Evaluation Setup
Fine-tuning LLaMA2-7B on specific domain datasets and evaluating on corresponding test sets
Benchmarks:
- MMLU (General/Medical/Law Knowledge)
- GSM8K (Mathematical Reasoning)
- HumanEval (Code Generation)
- Big-Bench Hard (BBH) (Diverse NLU/NLG tasks)
Metrics:
- Training Speed (time)
- Energy Consumption
- Accuracy (implied from benchmark usage)
- Statistical methodology: Not explicitly reported in the paper
Main Takeaways
- Observation I: Multiple small LoRA heads outperform a single large LoRA head on diverse domains, suggesting task interference is a major bottleneck in standard PEFT.
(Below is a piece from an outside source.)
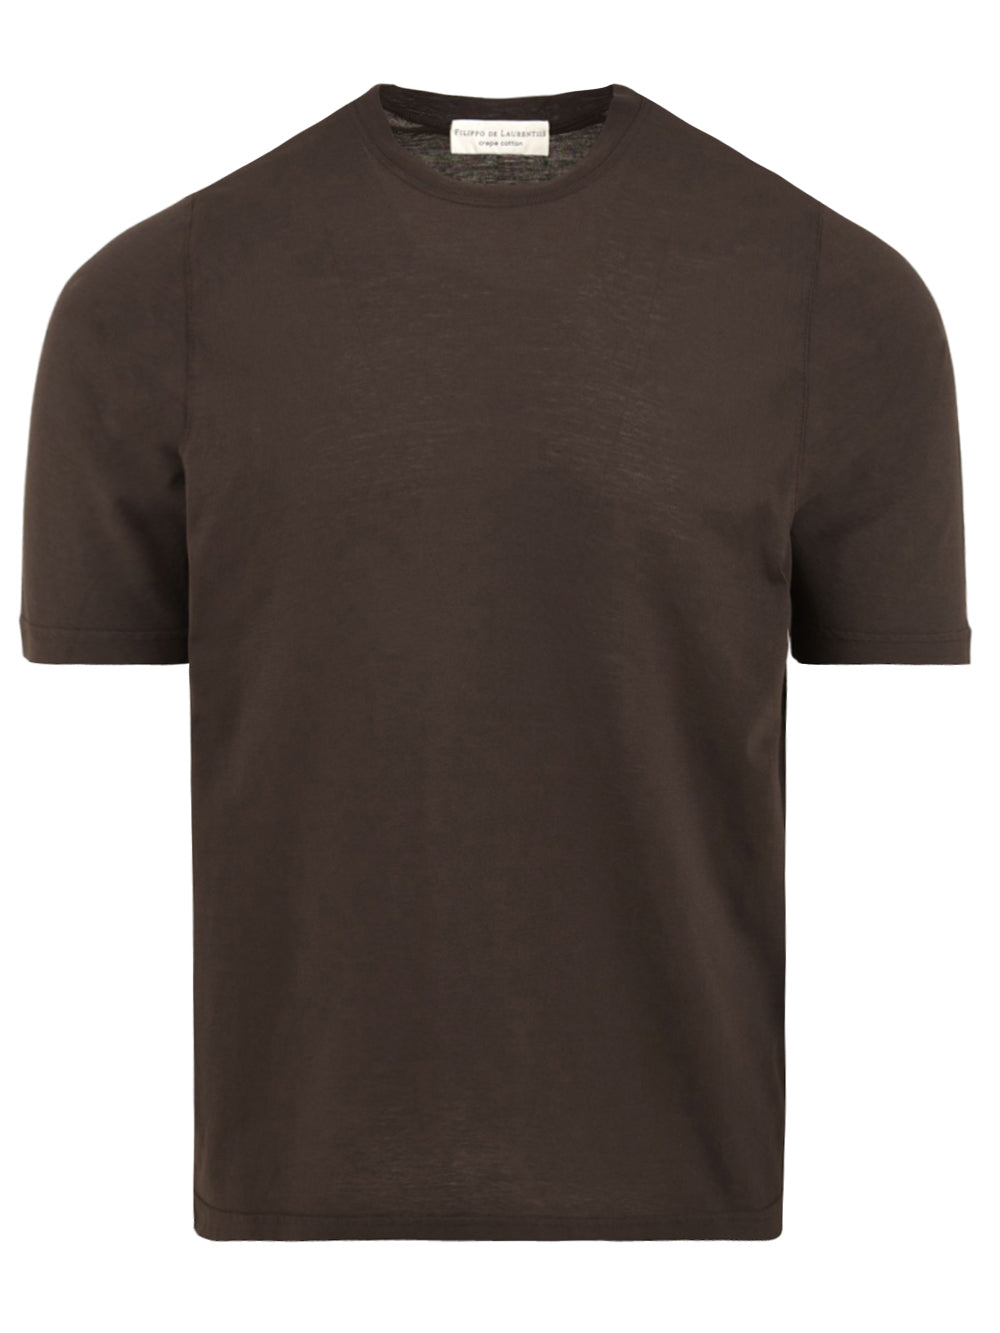 Dark brown t-shirt
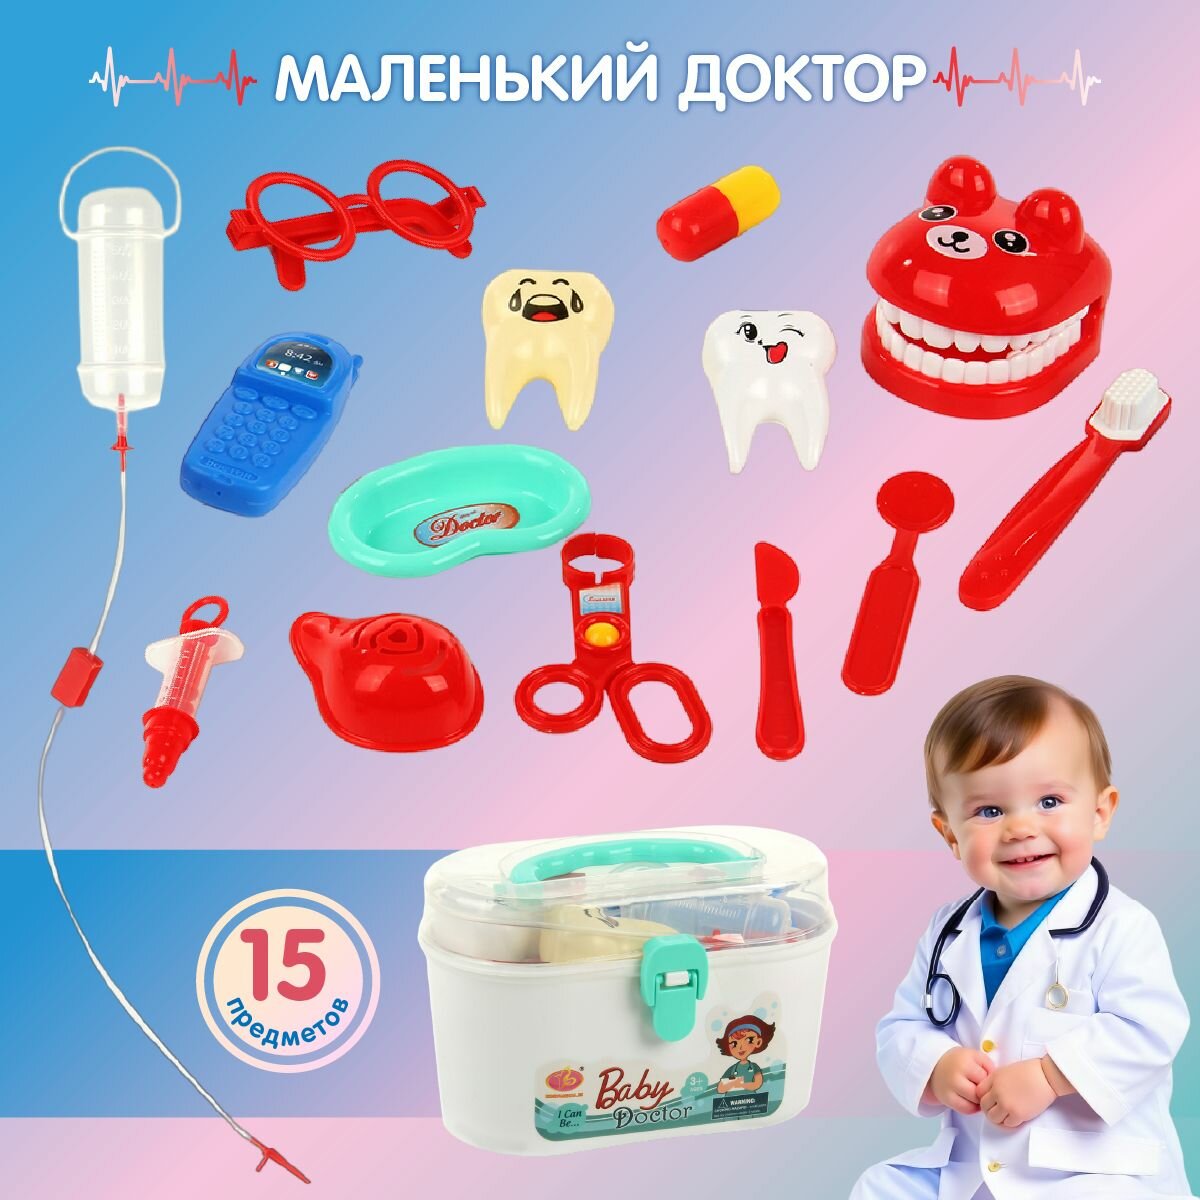 Детский игровой набор доктора Стоматолог, Veld Co / Игрушечные медицинские инструменты / Набор врача для детей

- Observation II: When training multiple independent LoRA heads, the input matrices (A) tend to become similar (converge), while output matrices (B) remain distinct. This motivates the shared-A architecture.
- HydraLoRA achieves better parameter efficiency than independent LoRAs (LoRA-Split) by sharing the A matrix, while maintaining the performance benefits of specialized B matrices.
- The method provides significant training speedups (approx 2x) and energy savings (~50%) compared to a high-rank standard LoRA baseline.